All of the emotional energy in the film is drained by her relationship with her brother Marc, who was adopted into the same family just before Kimberly was born. She turned into a tall, smart, good-looking football star, while Marc was left back to be in the same class as Paul McKerrow, Kimberly's former self, where Marc suffered in every way by comparison.

On top of this, Marc - in his twenties - had a serious accident and brain surgery. Although he has a wife and beautiful child, Marc seems to have no other life sustaining activity. As a result - at the reunion and everywhere else in the film - he spends his time justifying himself and his life. The one schoolmate remembrance of Marc's time is Helena, and concerns his reneging on his obligations in re an accident with the other kid's car.

Thus it is Marc's story that is painful - especially when it forces him into rages directed at Kimberly. Marc barely seems to notice his sister was formerly his brother - other than recalling how Paul is related to his emotional scars. Marc is in the habit of pulling out a box of pictures of his family - because the family's success (a third brother is an architect) represents his greatest achievement. Since these contain photos of Paul, for once Kimberly is moved to chastise the fragile brother with whom she usually walks on shells - "Instead of pulling out 200 pictures when you meet someone, how about only using 190, and leaving the ones of me out?" (Typically, the experience causes the reflective Kimberly to realize she has to come to grips with her past.)

Into this mix, one of those events occurs that would be considered a wretched excess if it were fiction. In tracing his birth mother, Marc discovers that she was the daughter of Orson Welles and Rita Hayworth - then she died before he could meet her!!!! The filmmaker is more affected by the discovery than Marc, since Welles is a hero of hers. Kimberly eagerly accompanies Marc to Croatia where Welles' late-life partner, Oja Kodar, invites the brother. The event allows the brother temporarily to bask in the reflected glory of one of the world's great filmmakers, and otherwise seems to mean nothing to him.

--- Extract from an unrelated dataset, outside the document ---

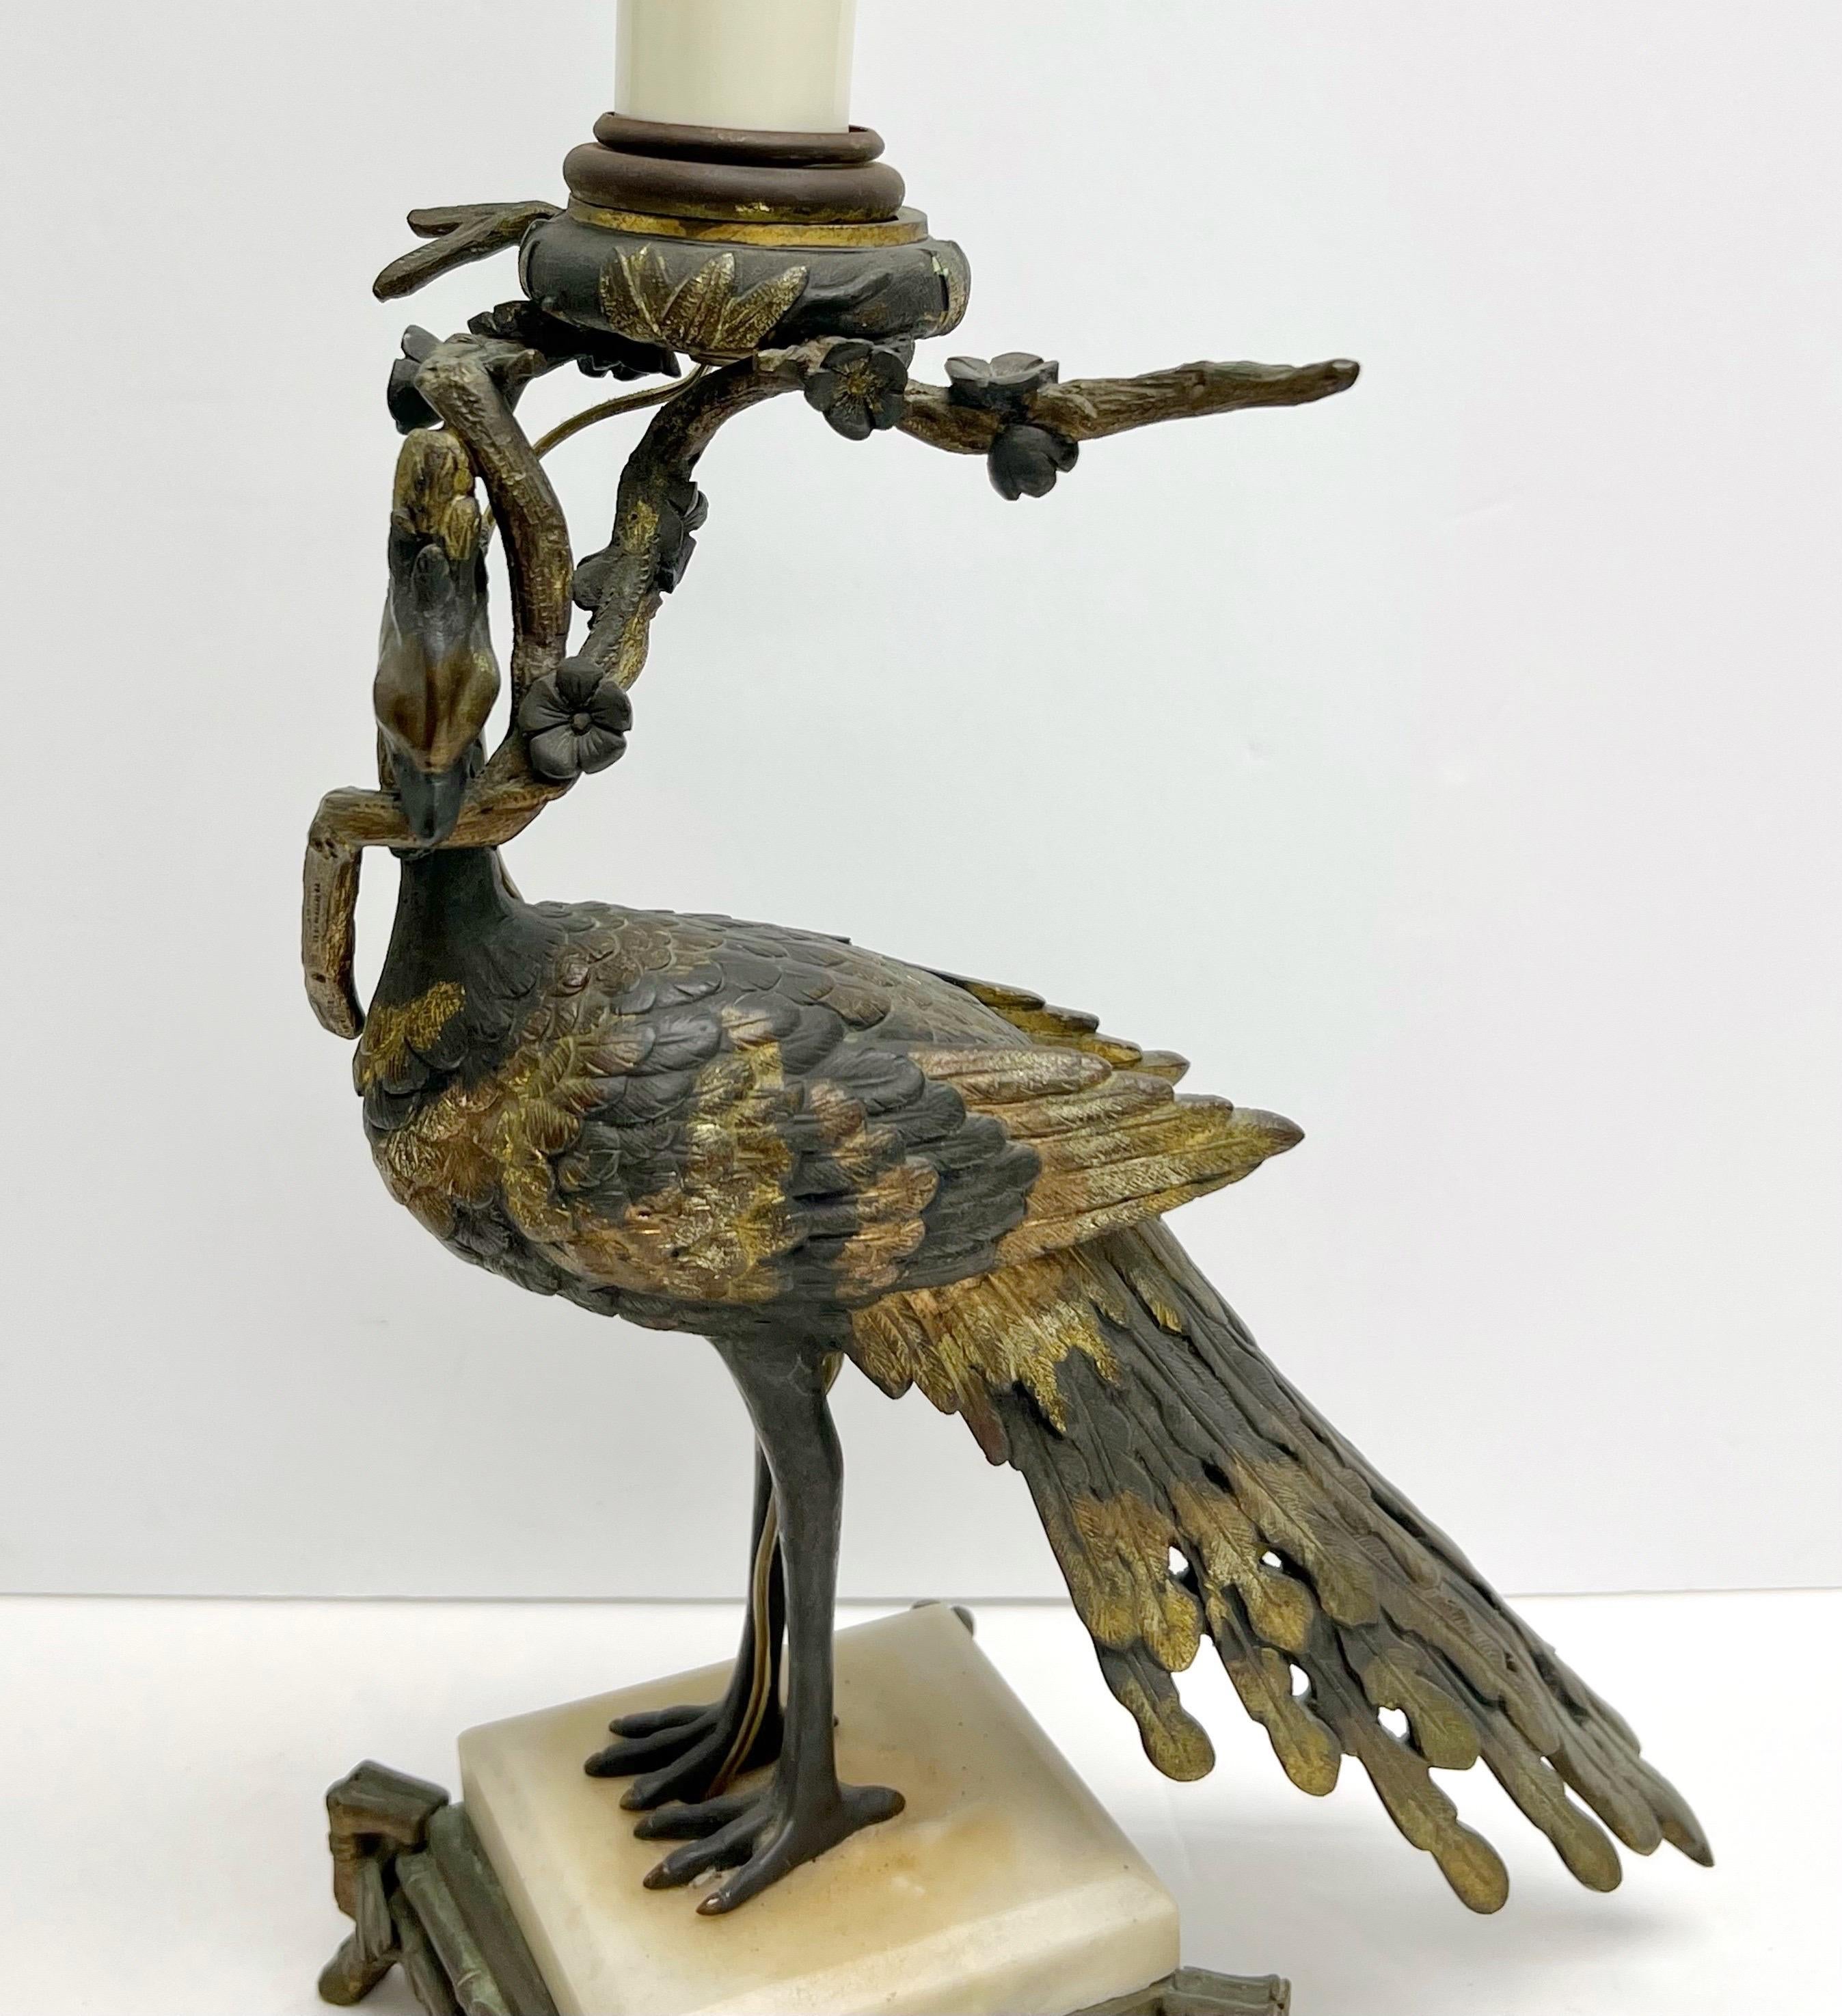 A highly ornamental table lamp with a peacock holding a branch.

In one scene, Kimberly anxiously coaches Marc through an interview for a film about Welles.

And so Ms. Reed labors on trying to fix their relationship. I left before the end of the film when Ms Reed visits Marc in order to take a family truck back to her mother. Marc get it into his head late at night to fix the gas gauge, which was a crazy and impossible idea. Kimberly's overall competence would easily enable her to deal with the broken gauge on the long trip from Seattle to Montana, for which she intends to embark very early the next morning. As she firmly but gently insists on leaving, Marc goes totally off on one last (for me) frenzy of anger - you could hear Marc's rage in the lobby.

Psychologically, the one area where Marc - accidents notwithstanding - might be able to consider himself superior to Kimberly is with cars. Her discounting this expertise enrages a man who has so little in life.

And so - despite Kimberly's gender change, despite the Wellesian connection, despite the beauty of Montana and the general kindness and acceptance of virtually all of the people in the film - this excruciating movie drove me out of the theater.